Song Kang-Ho, framed, The Age of Shadows, 2016
Kim brings out the best in his actors and in Shadows Kim draws out an impeccable and nuanced performance from Song as the Korea policeman collaborating with the Japanese occupiers (represented by Om Tae-Goo as the archetypal evil Japanese villain). Song effectively conveys the state of mind of a man slowly experiencing a moral epiphany and his character arc is compelling and convincing. Following his turn in Train To Busan Gong Yoo is also outstanding here in a similar role as man tested far beyond his normal bounds, expressing a notable vulnerability and empathy.

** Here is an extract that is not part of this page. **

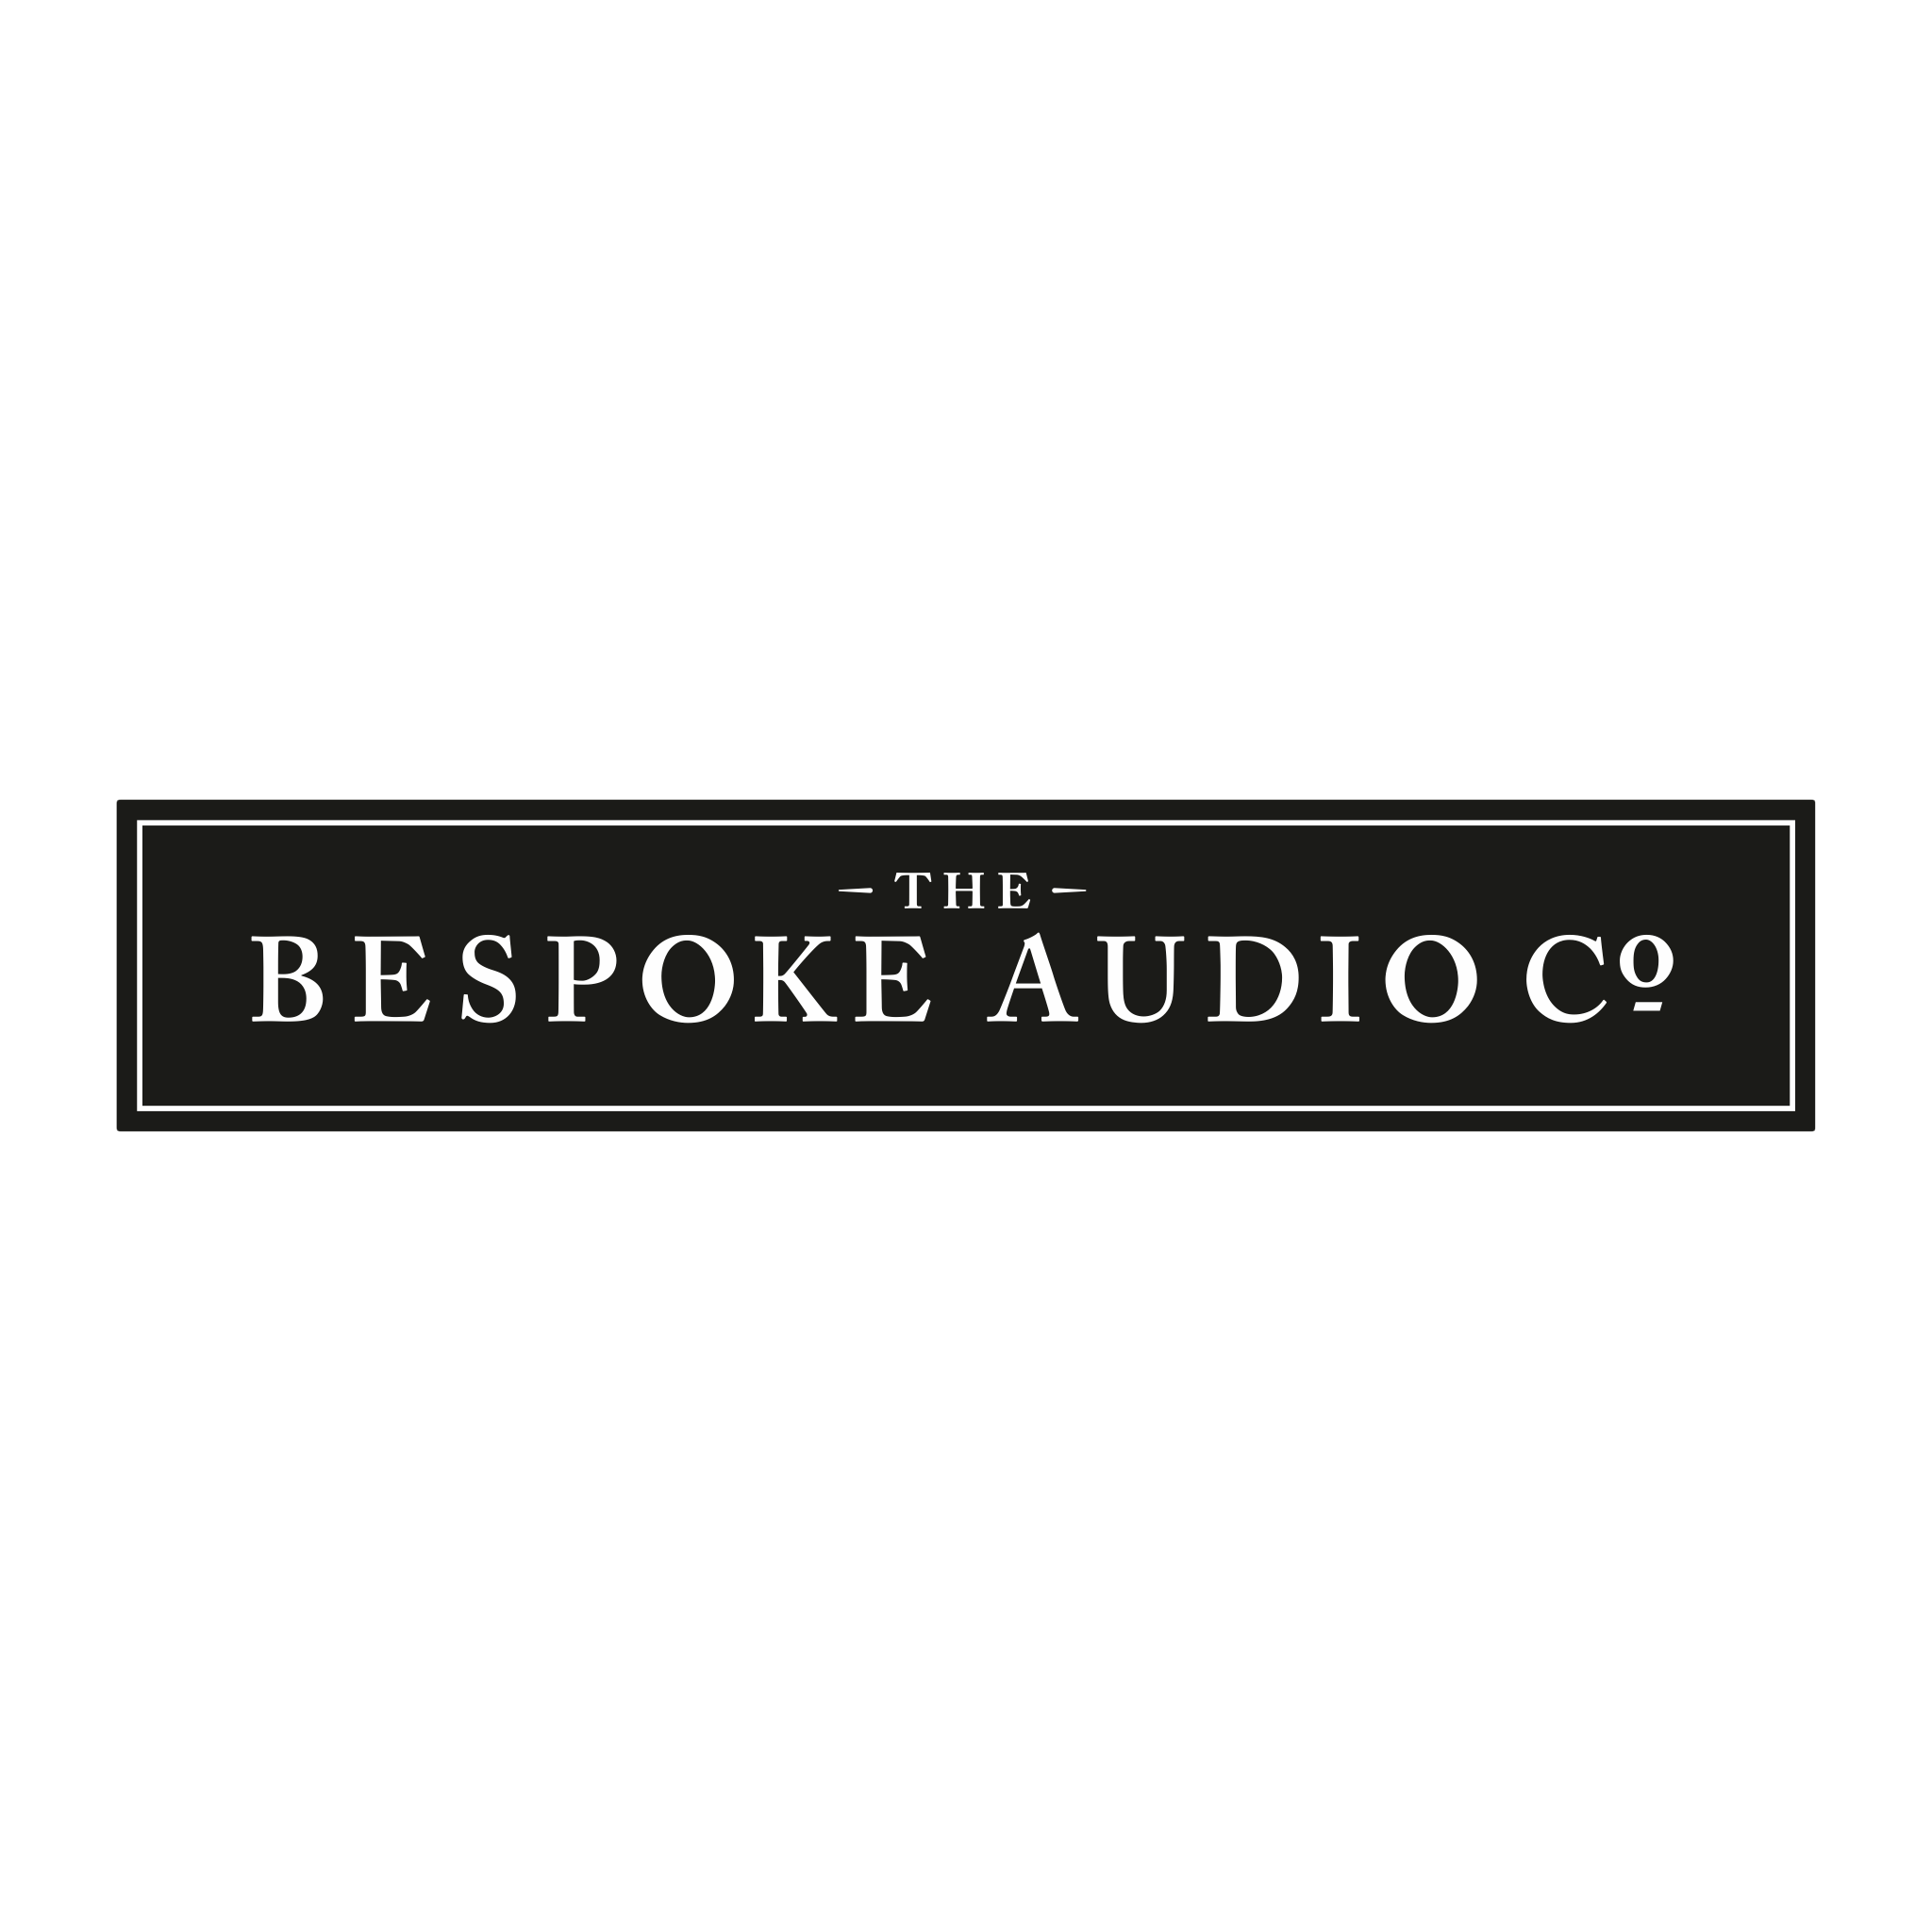 The bespoke audio company logo
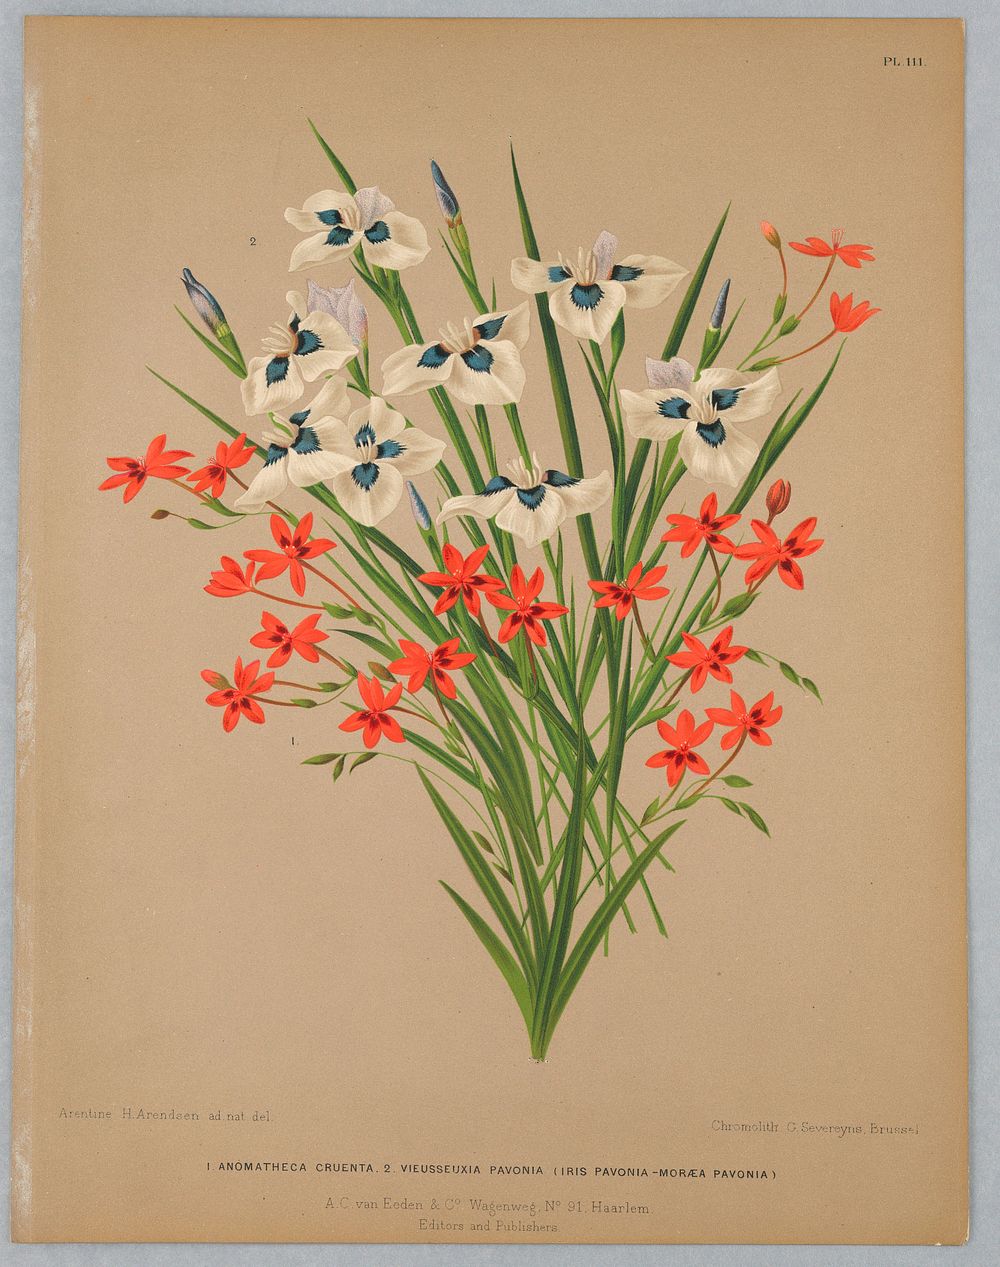 Anomatheca Cruenta, Vieusseuxie Pavonia (Iris Pavonia–Moreaea Pavonia), Plate 111 from A. C. Van Eeden's "Flora of Haarlem"

Face-off, Hwang Jung-Min and Jung Woo-Sun, Asura: The City of Madness, 2016
Following The Age of Shadows was the release of Asura: The City of Madness, a bleak little movie that exposes the very worst of human nature. The film is an intense and brutal examination of top to bottom corruption in the fictional city of Anman, with all concerned trapped in an existential prison of despair, greed, and violence. Relentless and unflinchingly brutal, the film is a blood-soaked extravaganza of violence and betrayal.
Jung Woo-Sun stars as Kan, a cop who serves as the hatchet man for Anman’s corrupt mayor, Park Sung-Bae. Park is played by South Korean superstar Hwang Jung-Min, who in recent years has successfully played a range of roles including family men, hoodlums, cops, and criminals. Here he takes the Francis Ng role as Park, the flashy psychopathic mayor. Ju Jihoon plays Kan’s best friend and partner who goes to the dark side. Kan himself is a conflicted character caught between the corrupt mayor and a ruthless prosecutor who is trying to bring down the venal politician. Jung Woo-Sun scuffs up his handsome face with cuts, scars, bruises and stitches in an effort to conceal his leading-man good looks. He’s compellingly intense in this film, unlike in his past films as a romantic lead. I’ve found him somewhat stiff in many of his past performances and didn’t think he had it in him to be so fierce but in Asura he nails it. Here he makes good use of his 6-foot-plus frame and uses his imposing physicality to loom over and threaten his adversaries. At the same time he conveys the frustration and impotence of a man unable to escape an endless web of deceit, treachery, and backstabbing.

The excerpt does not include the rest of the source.